The 'Taken' Prequel TV Series Hires A Director With A Particular Set Of Skills
Attention NBC's new Taken prequel series: I don't know what you are. I don't know why you exist. If you are looking for my viewership, I can tell you I cut the cord ages ago. But what I do have is a very particular set of tastes, tastes I have acquired over a brief-but-eventful career. Tastes that make me a nightmare for shows like you. If you give me a reason to care about a young Bryan Mills, that'll be the end of it. I will watch you, I will stream you on Hulu. But if you don't, I will not watch you, I will write smarmy things about you... and I will kill you.
Sorry. That escalated quickly. Anyway, this newfangled Taken show has found a director in Alex Graves, a veteran television director who has worked on shows your probably love.
Deadline reports that Graves will direct and executive produce the Taken pilot, joining writer and executive producer Alex Cary and executive producer Luc Besson, who directed the first film and co-wrote and produced its sequels. Here's how the show was described when it was first announced last September:
Bryan Mills, the character played by Neeson in the movies, is a young man with no wife and kids. ... The series will focus on how Mills acquires his "very particular set of skills" and becomes the character we all know. The series will bend time as it will be set in modern day, not decades in the past.

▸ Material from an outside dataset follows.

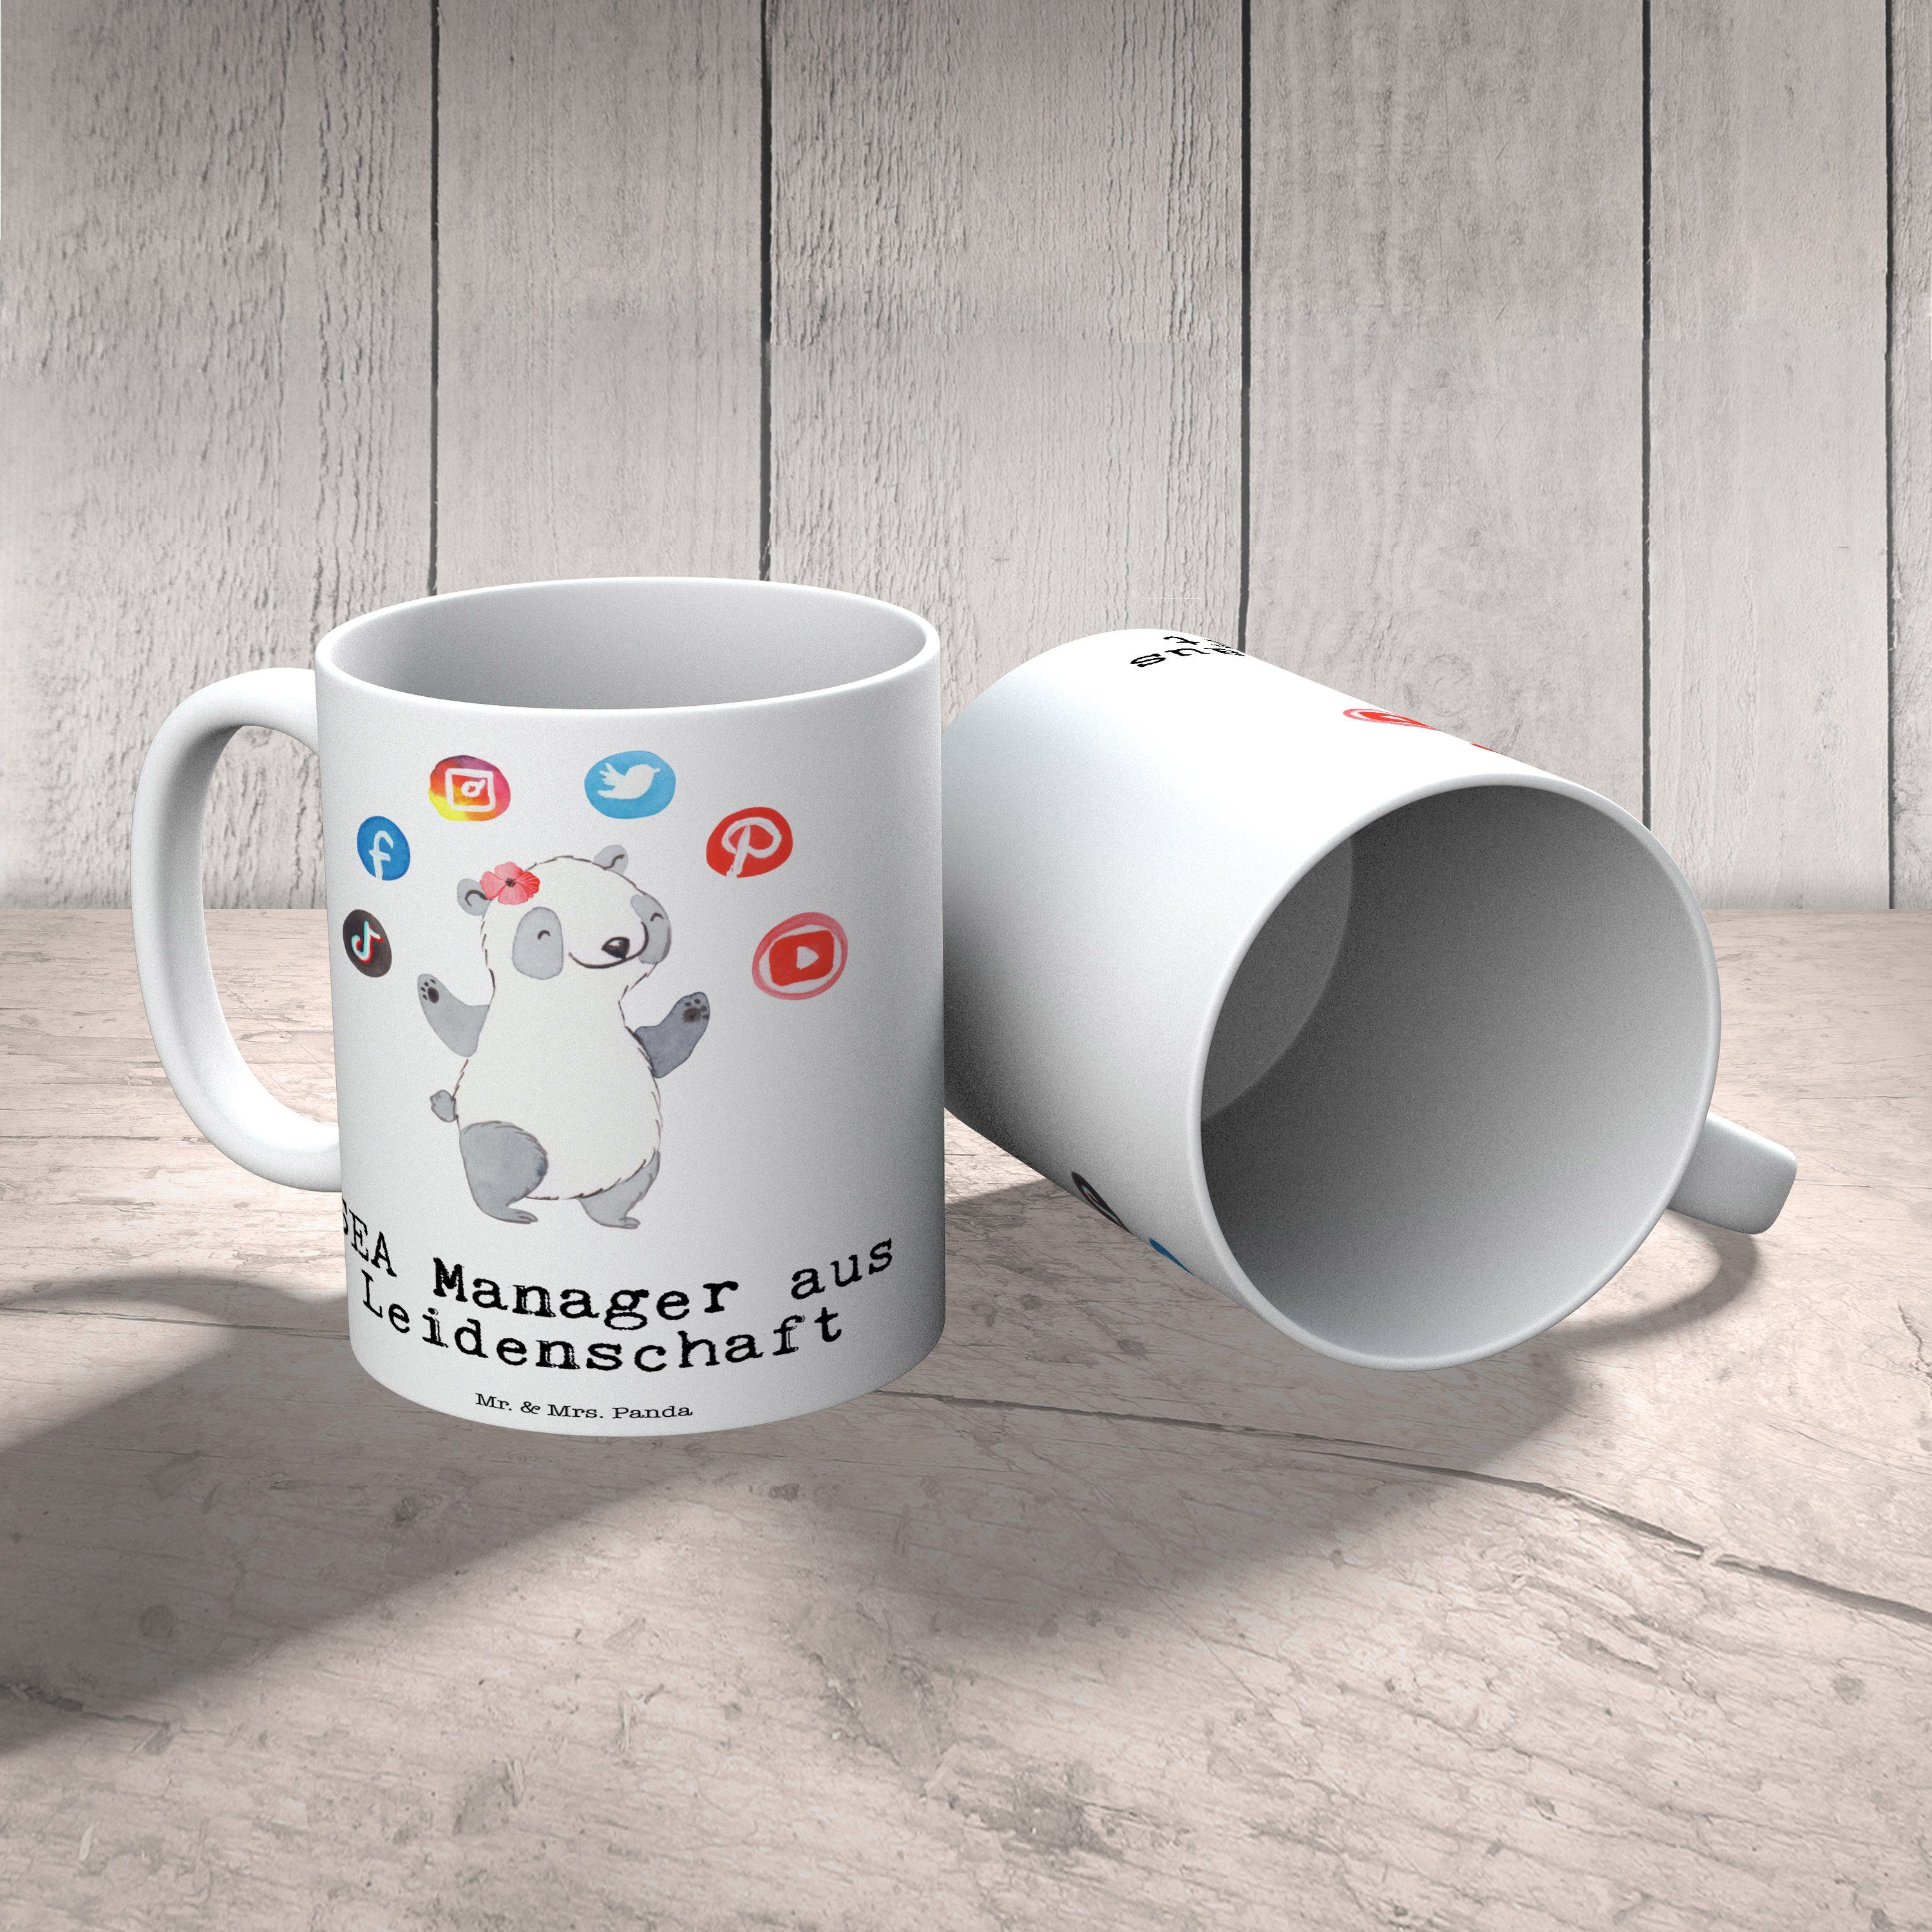 Mrs. Geschenk & - Manager Leidenschaft Weiß Mr. - SEA Tasse, Kaffe, aus Panda Tasse Geschenk, Keramik

In other words, this will be show explaining exactly how some ordinary man went from being Just Some Guy to an action hero capable of killing roughly 17% of the European criminal underworld without breaking a sweat. The big issue here is that we'll be stuck watching some some schmuck learn how to be at the badass who gives that famous speech instead of the total badass who delivers that famous speech and actually lives up to his words.
The lack of Liam Neeson (he's busy playing tree monsters and such) is also a bummer, since it's his intense presence that elevates the original Taken from decent schlock into terrific schlock. The less said about the sequels, the better.
But Graves is a solid director and a good choice for an action series like this. Although he got his start directing dramas like The West Wing (for which he won two Emmy awards) and The Practice, he showcased his genre skills by directing episodes of Terra Nova, Game of Thrones, Homeland, and Bloodline. Recently, he served as a director and executive producer on Proof. Graves is the exact kind of guy you spearheading a television pilot.
And we'll leave you with this question to ponder: will the Taken series actually feature someone being taken in every single episode? Otherwise, that title is going to be really weird and it will drive me crazy.